Avoid es.mapping.id field duplication

Hi,

I am using ElasticSearch Hadoop (2.4.0) connector for storing documents in ES. I have "record_id" field in my document which is used as _id field using below configuration setting
conf.set("es.mapping.id", "record_id");
This record_id is stored twice, first in "_id" field and then in "record_id" field.
What configuration should I use to avoid duplication of this field?

Thanks.

@Rishav_Rohit1 You can also specify which fields should be ignored from the document body during serialization by using the es.mapping.exclude setting:

sc.makeRDD(Map("id" -> "1", "name" -> "Jimmy") :: Nil)
    .saveToEs("test/test", Map("es.mapping.id" -> "id", "es.mapping.exclude" -> "id"))

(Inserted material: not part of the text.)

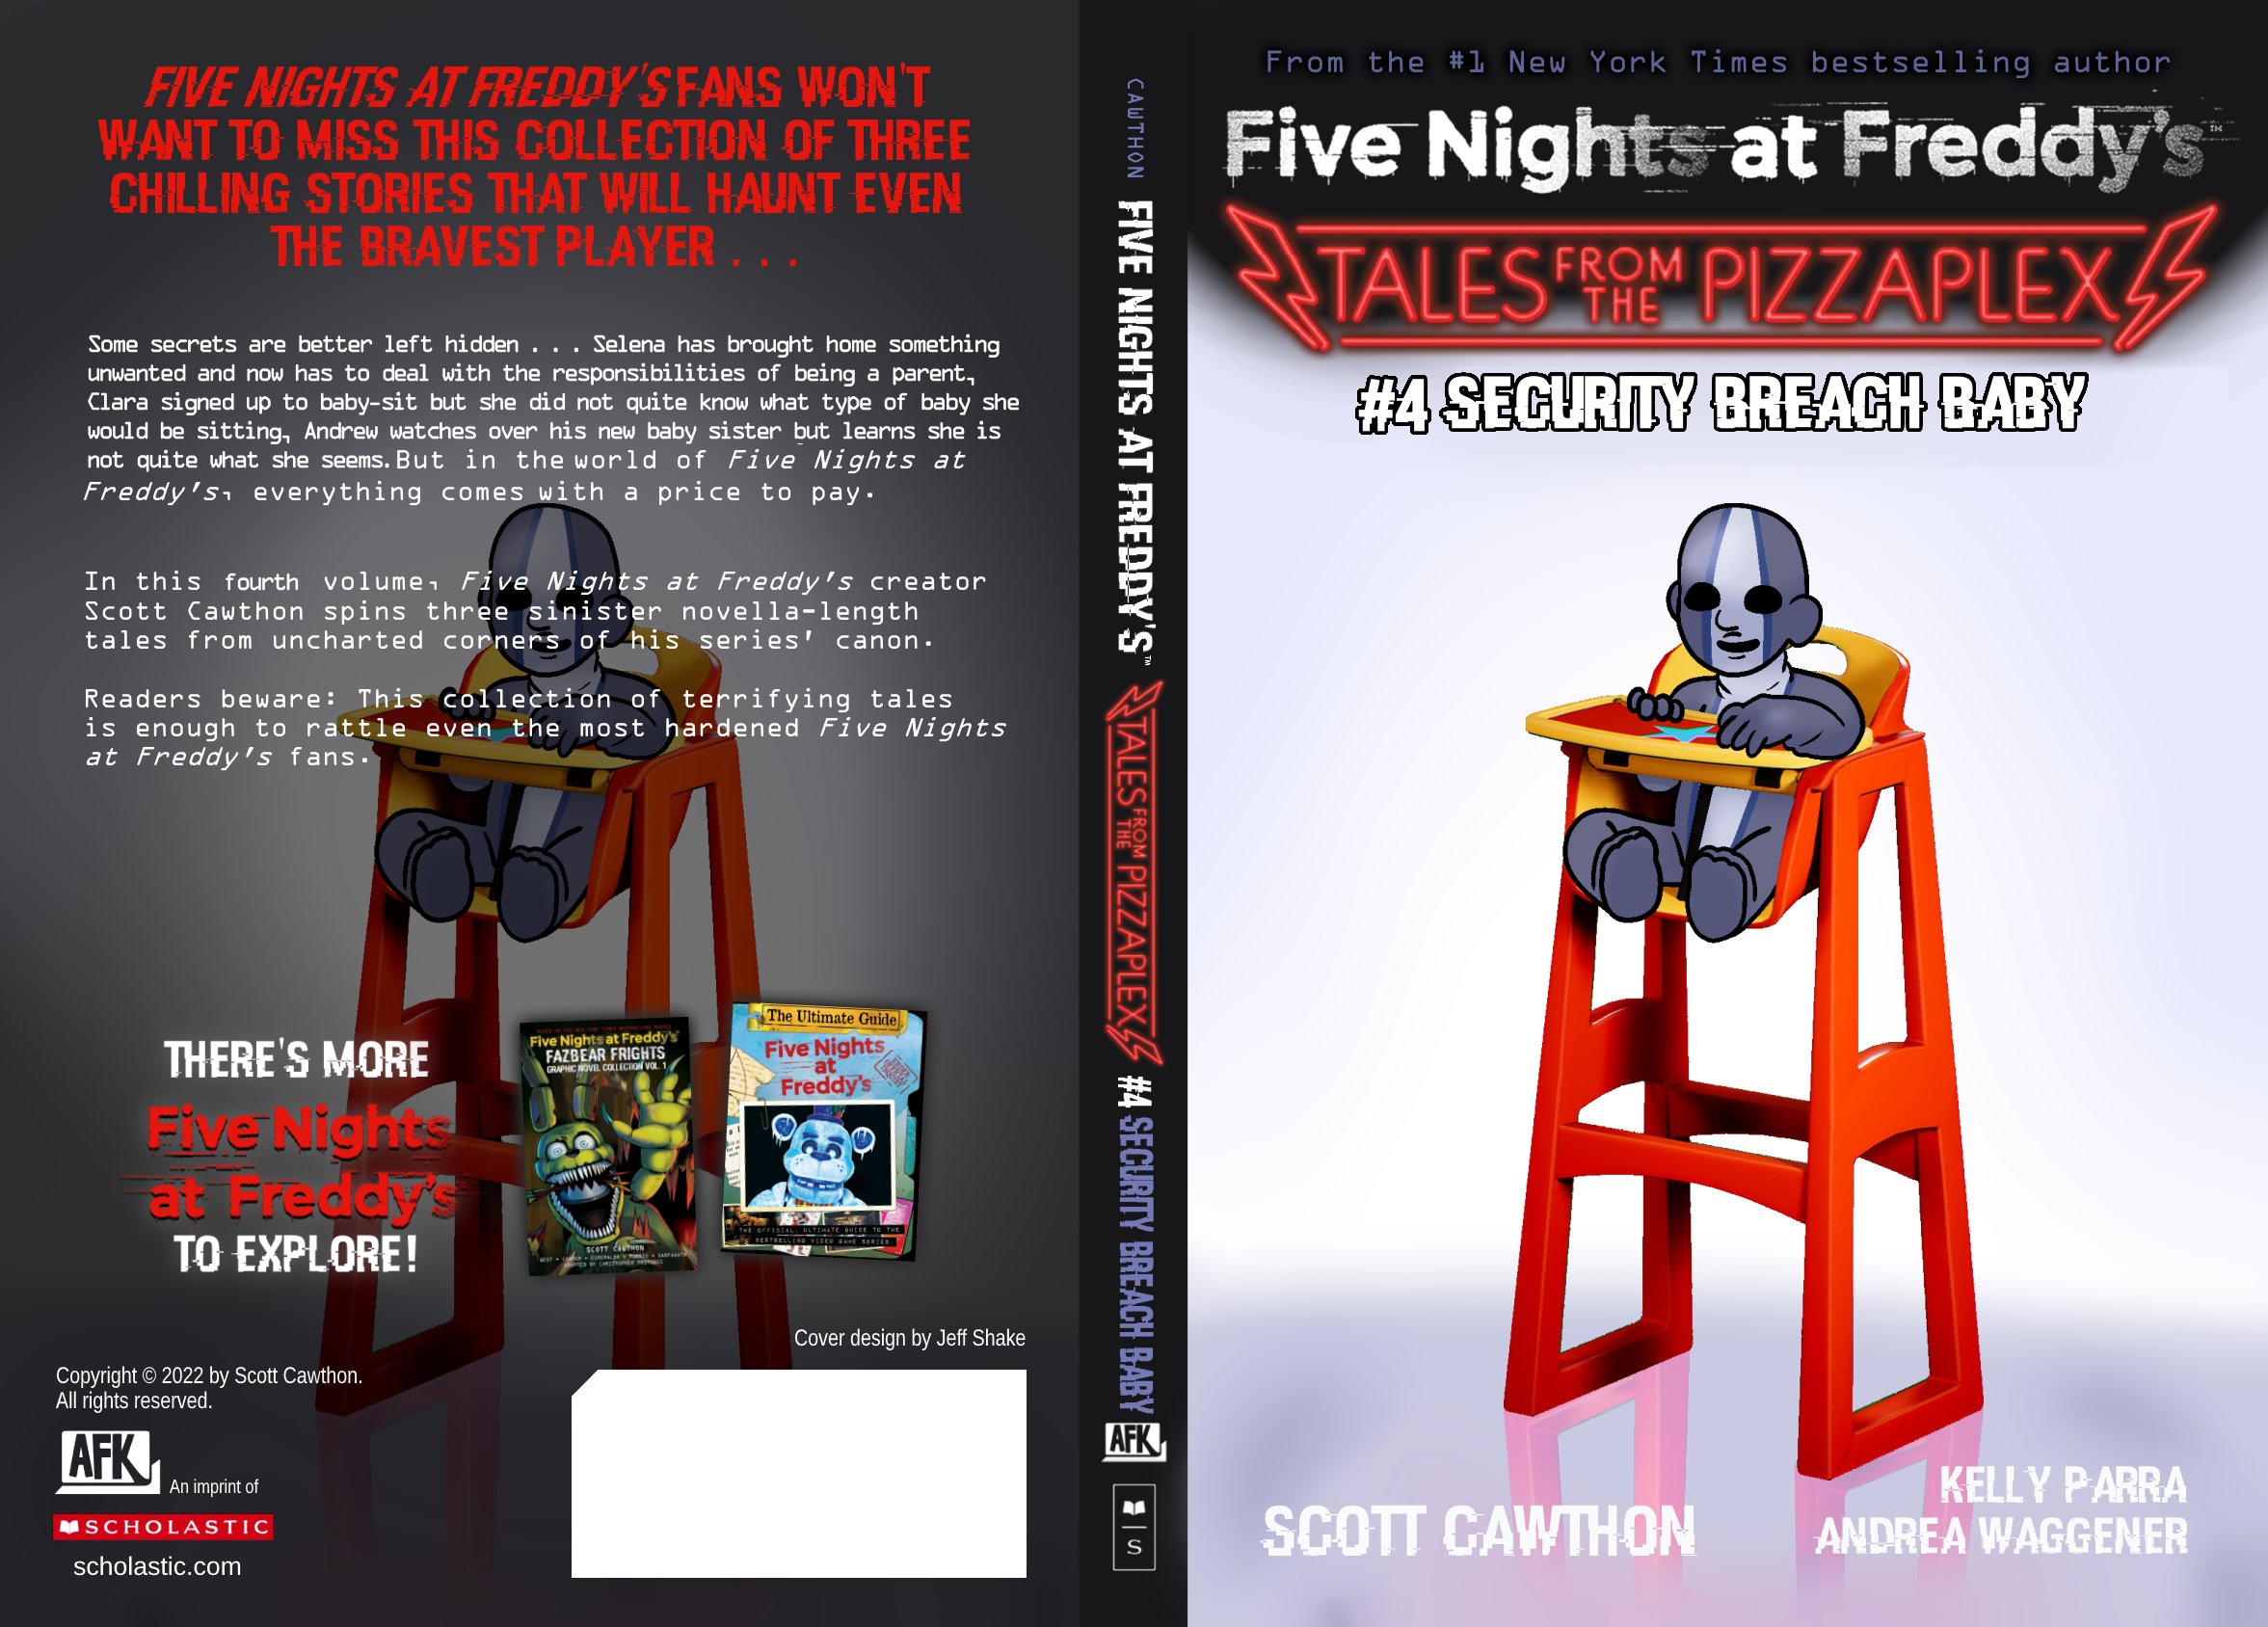 FNAF4 Offically Explained by new tales from the pizzaplex book 8 #FNAF, Fnaf  4
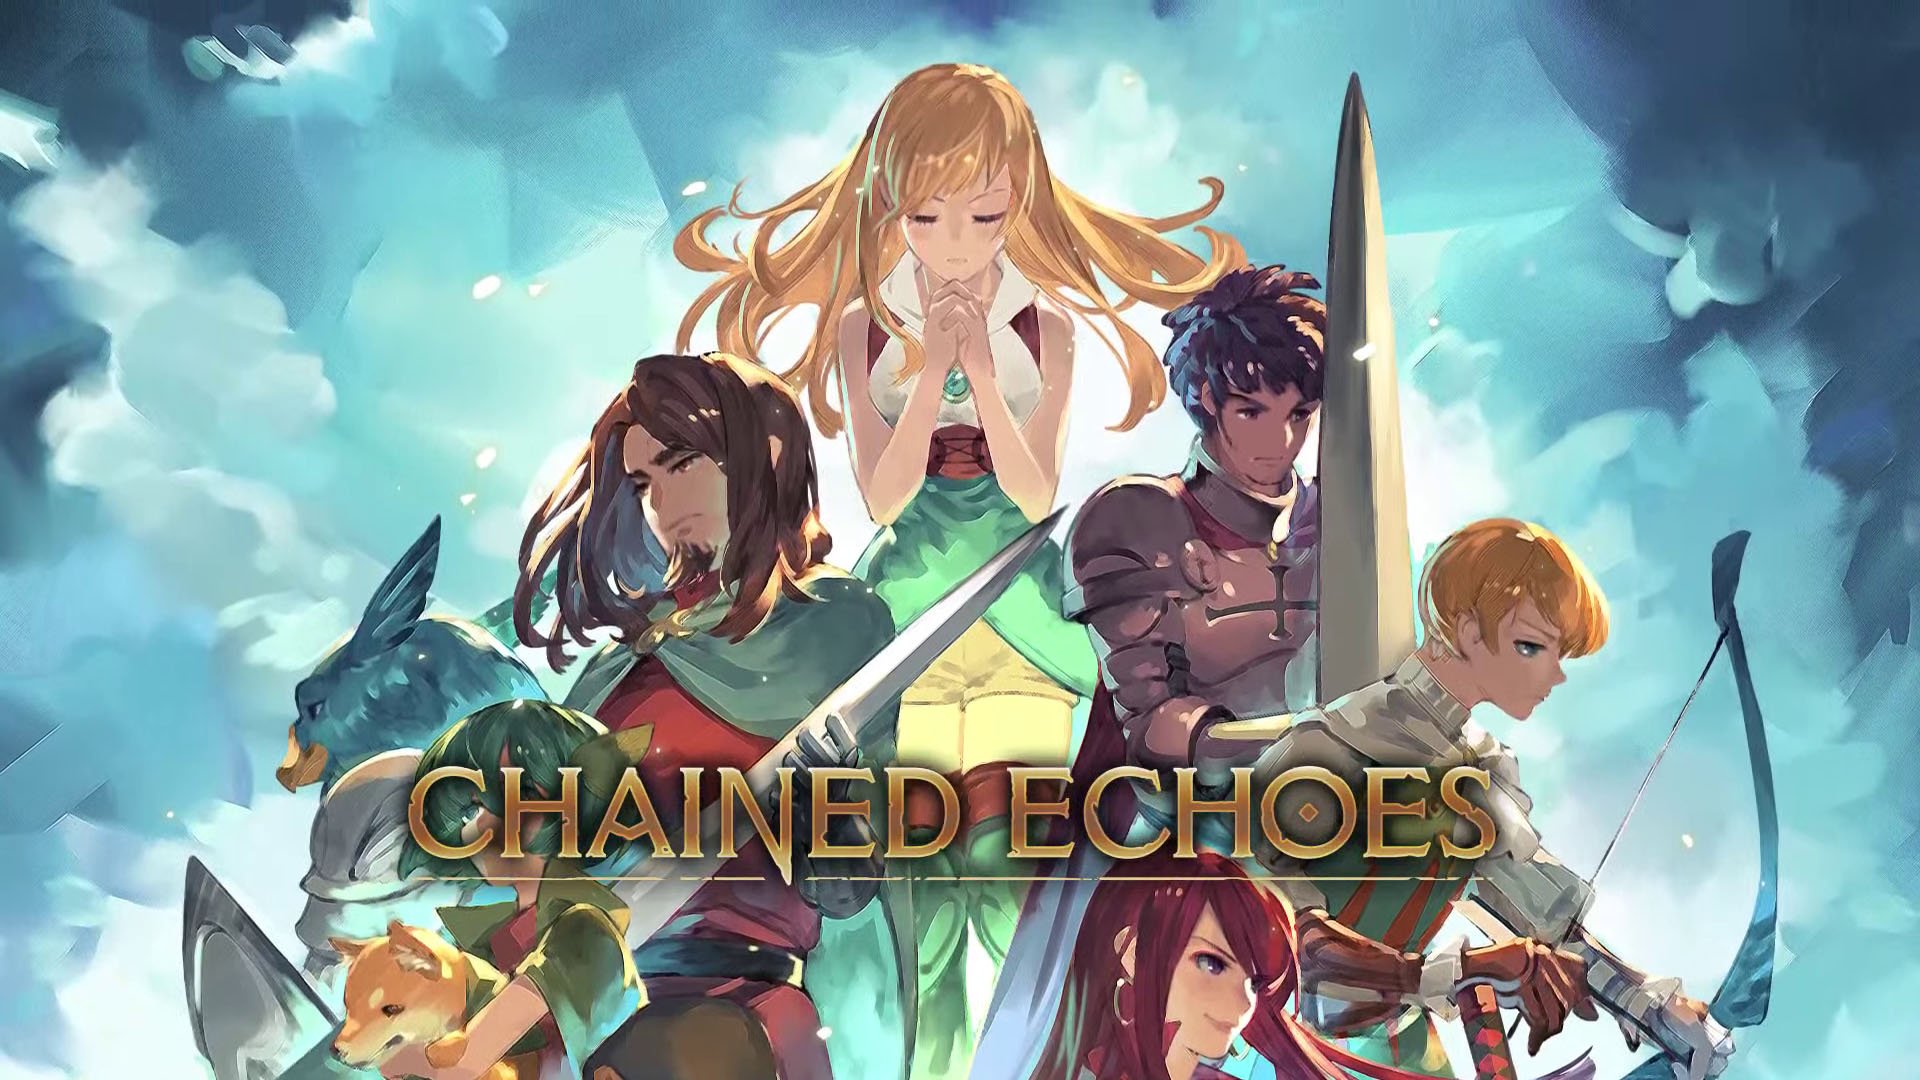 Kickstarter Backed Game Chained Echoes Gets a Release Date – The Boss Rush  Network

This tells the connector to use the "id" field as the document's id, but to ignore it when creating the body of the document. The resulting output is as follows:

{
    "took":39,
    "timed_out":false,
    "_shards":{
        "total":5,
        "successful":5,
        "failed":0
    },
    "hits":{
        "total":1,
        "max_score":1.0,
        "hits":[
            {
                "_index":"test",
                "_type":"test",
                "_id":"1",
                "_score":1.0,
                "_source":{"name":"Jimmy"}
            }
        ]
    }
}

Thank you

This topic was automatically closed 28 days after the last reply. New replies are no longer allowed.